NovelToon NovelToon
Menikahi Cucu Diktator

Menikahi Cucu Diktator

Status: sedang berlangsung
Genre:Pengantin Pengganti / Percintaan Konglomerat / Trauma masa lalu
Popularitas:9.5k
Nilai: 5
Nama Author: khayalancha

Di balik gaun pengantin dan senyuman formal, tersembunyi dua jiwa yang sejak lama kehilangan arti cinta.

Andre Suthajningrat—anak dari istri kedua seorang bangsawan modern, selalu dipinggirkan, dibentuk oleh hinaan dan pembuktian yang sunyi. Di balik kesuksesannya sebagai pengusaha real estate, tersimpan luka dalam yang tak pernah sembuh.

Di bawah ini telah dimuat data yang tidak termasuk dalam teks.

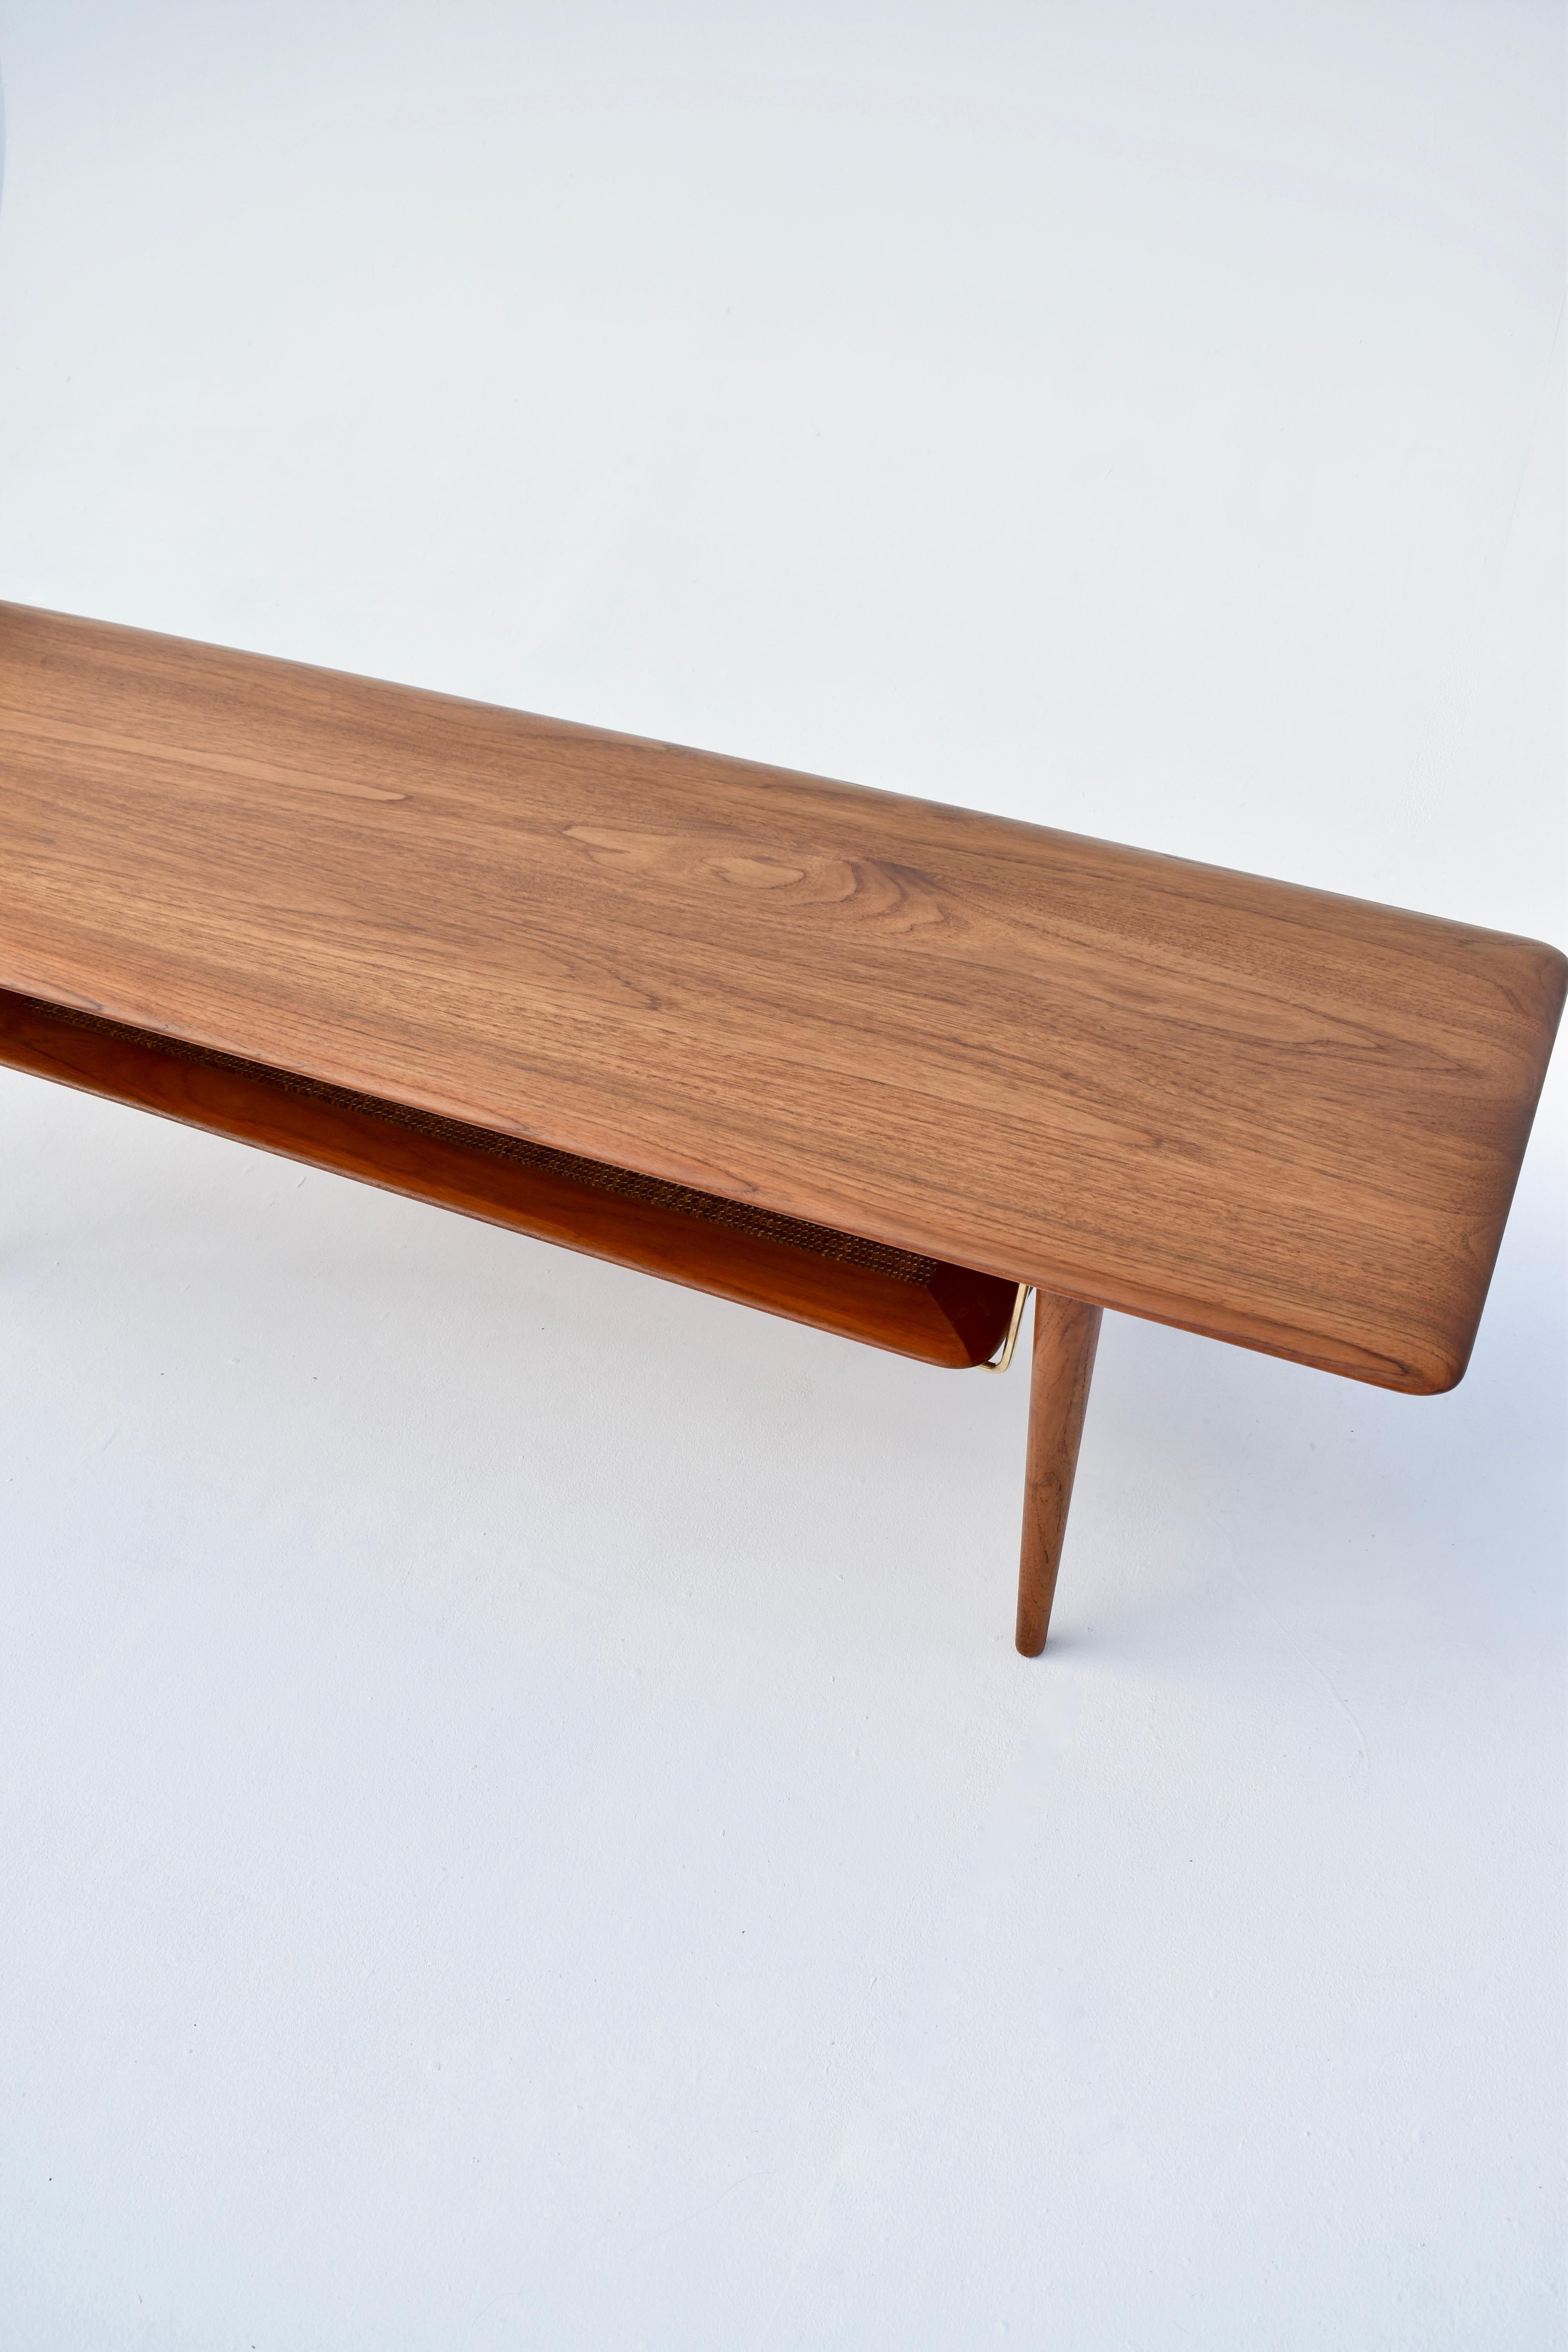 Incredibly elegant long, low coffee table designed in the early 50’s by Architects Peter Hvidt & Orla Molgaard Nielsen.

Constructed entirely from solid Teak with a beautifully profiled surface, beneath is a Rattan shelf suspended on brass

Lily Halimansyah—cucu mantan presiden diktator yang namanya masih membayangi sejarah negeri. Dingin, cerdas, dan terlalu terbiasa hidup tanpa kasih sayang. Ia adalah perempuan yang terus dijadikan alat politik, bahkan oleh ayahnya sendiri.

Saat adik tiri Andre menolak perjodohan, Lily dijatuhkan ke pelukan Andre—pernikahan tanpa cinta, tanpa pilihan.

Namun di balik kehampaan itu, keduanya menemukan cermin dari luka masing-masing. Intrik keluarga, kehancuran bisnis, dan bayang-bayang masa lalu menjerat mereka dari segala sisi. Tapi cinta… tumbuh di ruang-ruang yang retak.

Bisakah dua orang yang tak pernah dicintai, akhirnya belajar mencintai?

Karya ini diterbitkan atas izin NovelToon khayalancha, isi konten hanyalah pandangan pribadi pembuatnya, tidak mewakili NovelToon sendiri

Bab 34

Interior mobil senyap saat mereka meluncur pelan meninggalkan rumah keluarga Suthajningrat. Lampu jalan menyapu wajah Andre yang duduk bersandar di kursi penumpang, matanya memejam separuh, tangan kanannya masih dilumuri darah yang mulai mengering, sementara Lily menyetir dengan rahang mengeras.

Tak ada musik. Tak ada suara.

Hanya ketegangan tipis yang melayang-layang di antara mereka.

Lily akhirnya membelokkan mobil ke halaman sebuah apotek yang buka 24 jam. “Tunggu di sini,” katanya cepat, lalu turun sebelum Andre bisa menjawab.

Beberapa menit kemudian ia kembali, membawa satu kantong plastik berisi alkohol, kapas steril, perban kasa, dan plester luka. Ia masuk, menutup pintu mobil perlahan, lalu menatap Andre lekat-lekat. “Pindah ke belakang.”

Andre menoleh. “Di sini aja—”

“Ke belakang,” ulang Lily lebih keras. Mata beningnya nyala oleh emosi yang ditahan.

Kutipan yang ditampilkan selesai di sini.